The next two chapters in this section are probably the most serious attempts in the volume to sympathetically extend Suvin’s theories—and Suvin has nothing but praise for them in his afterword: Carl Freedman’s "Science Fiction and Utopia: A Historico-Philosophical Overview" is "bold and sweeping" (244), elaborating "an important and perhaps fertile hypothesis" (247), while Tom Moylan’s "‘Look into the Dark’: On Dystopia and the Novum" earns Suvin’s "undying gratitude for hitting what I fondly believe is the wellspring of my work" (246). I will discuss Moylan’s argument more fully below when I review Scraps of the Untainted Sky, from which the chapter has been culled, but suffice it to say here that he extrapolates Suvin’s understanding of utopia to the dystopian strain that has become so pronounced in recent sf, following "the ravages of counter-revolution in the 1980s" (53). While Moylan’s excerpting of his book manuscript shows an attentiveness to the fresh context of publication (he closes with a reverential analysis, not featured in Scraps, of a 1994 poem by Suvin), Freedman’s essay is basically lifted, with some light editing, from the second chapter of Critical Theory and Science Fiction. Suvin is barely mentioned at all, probably because his theories are taken for granted in the discussion (having been covered in Chapter One); instead, Freedman turns his attention to one of Suvin’s own core influences, the theoretical work of Ernst Bloch.

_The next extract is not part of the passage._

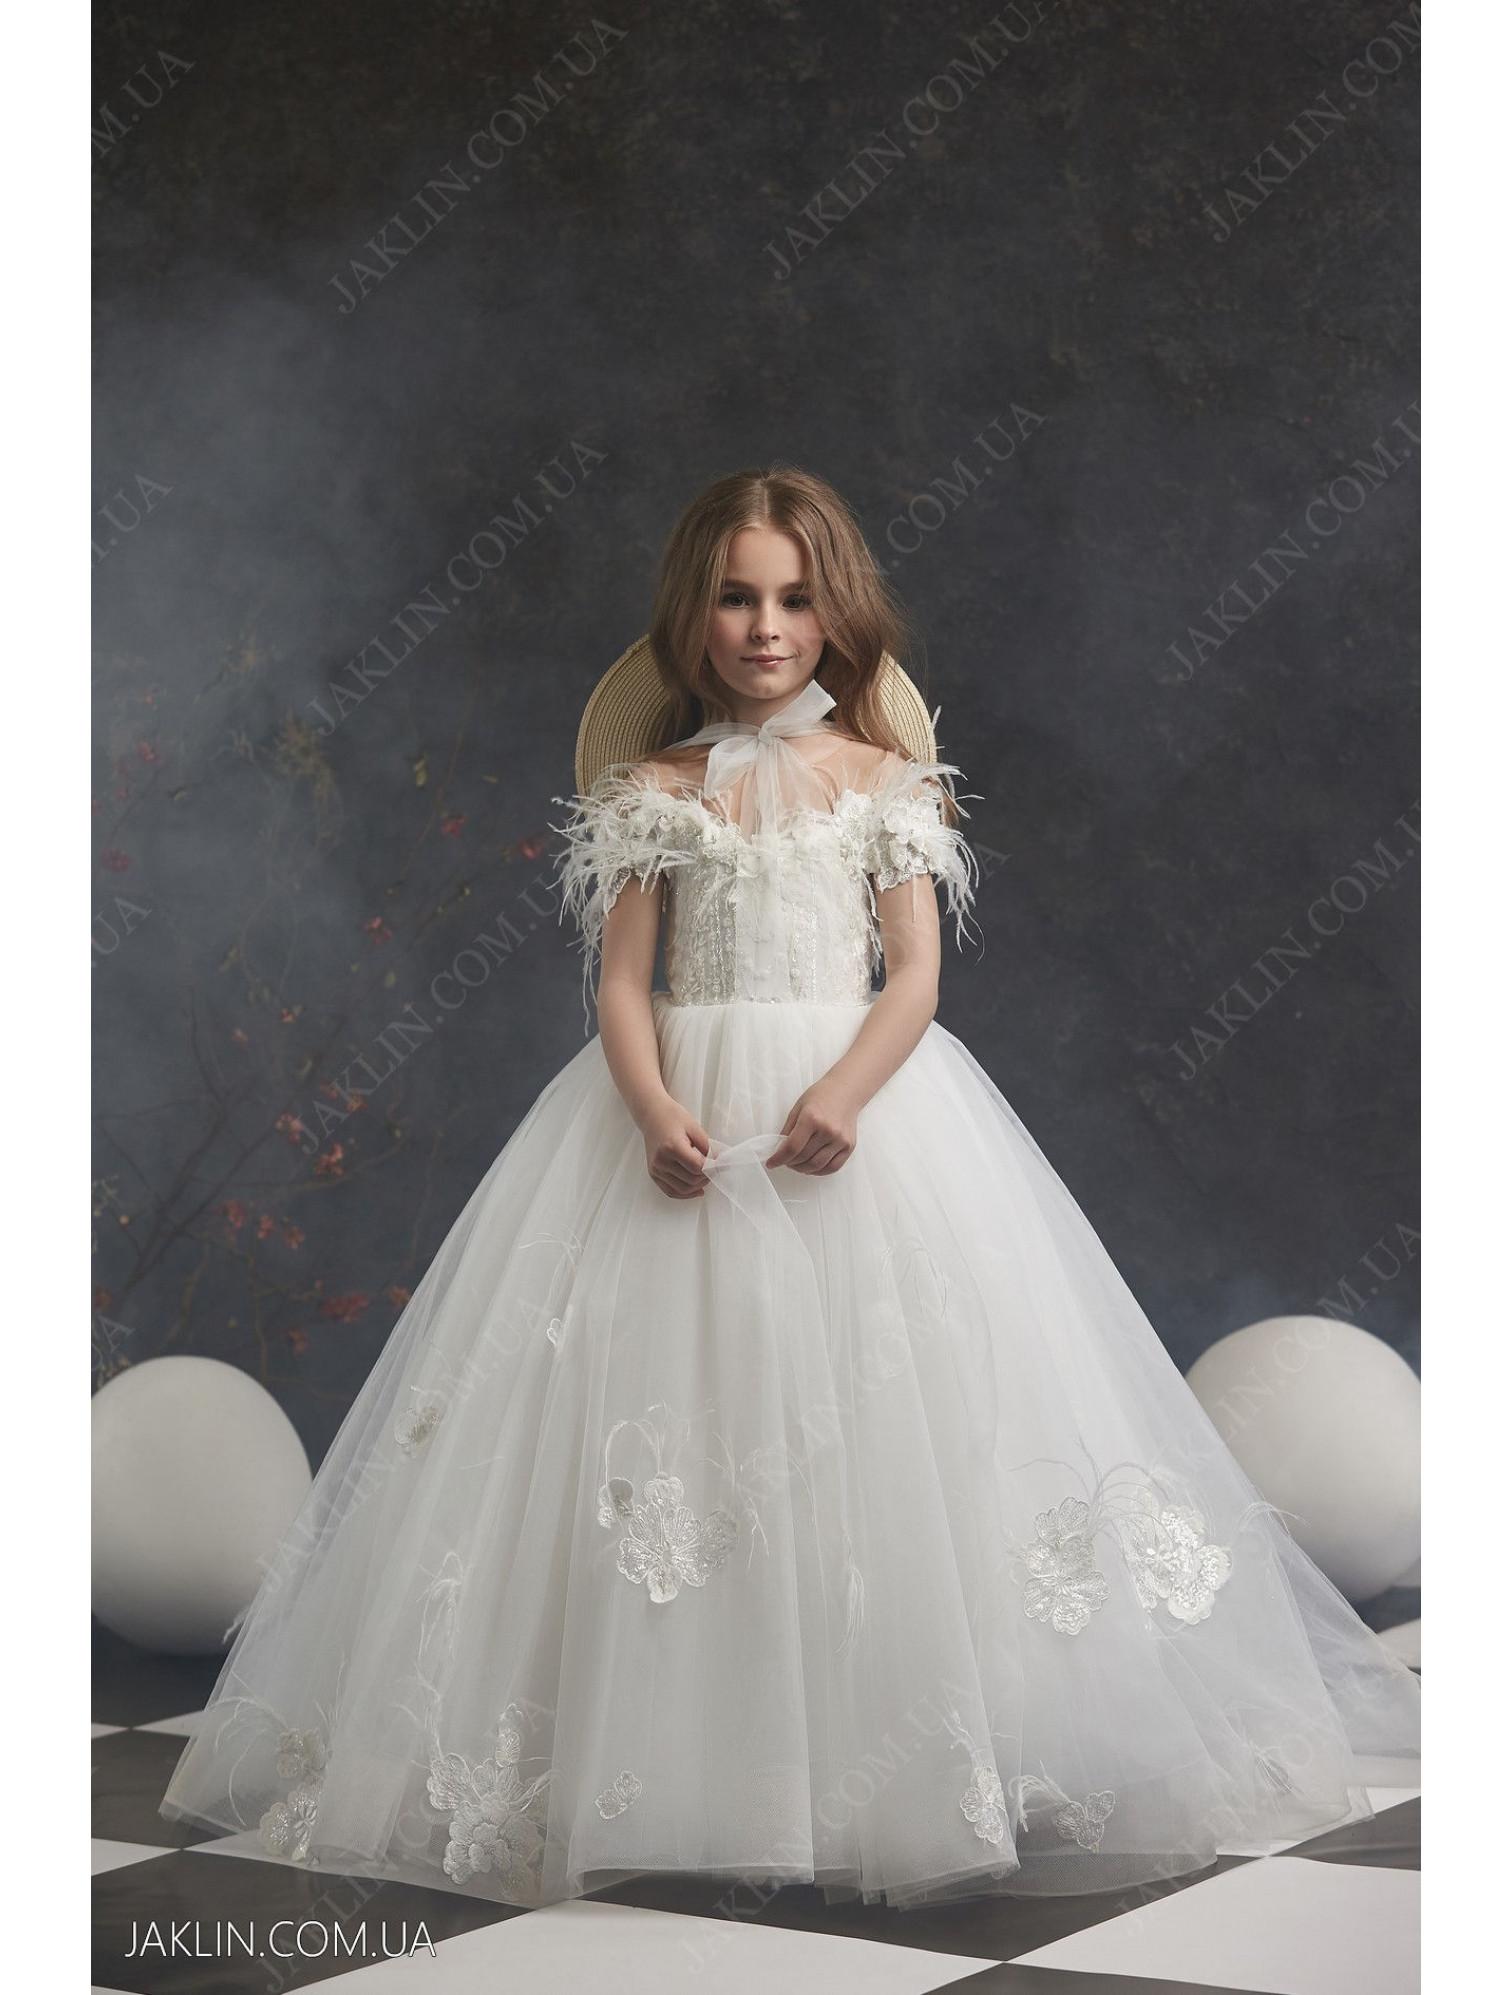 Child dress 3045

Pace Fekete’s assessment in his review, I think Freedman’s summary of Bloch’s perspective on utopia is cogent and valuable. A "dialectic of immanence and transcendence" (75) that moves within history yet reaches beyond the privations and aporias of the present towards the radical futurity of an "unalienated homeland where we have never lived," Bloch’s "utopian dialectics" provides a compelling model for reading sf’s tactics of formal estrangement, its capacity "to foreground and to demystify the actual" (82). My problem with this Suvinian formulation, however, is that its enshrinement of sf as "a privileged object of utopian hermeneutic" (81) comes at the expense of other popular forms and genres, which are either seen as pale shadows of sf’s inherent radicalism or else consigned to the outer darkness of mere ideology. Freedman’s attempt to argue that sf is basically a fictive version of critical theory I find unconvincing, not only because it scants the importance of other utopian tendencies in capitalist mass culture, but also because it idealizes and thus distorts sf as a properly cultural-historical object of analysis.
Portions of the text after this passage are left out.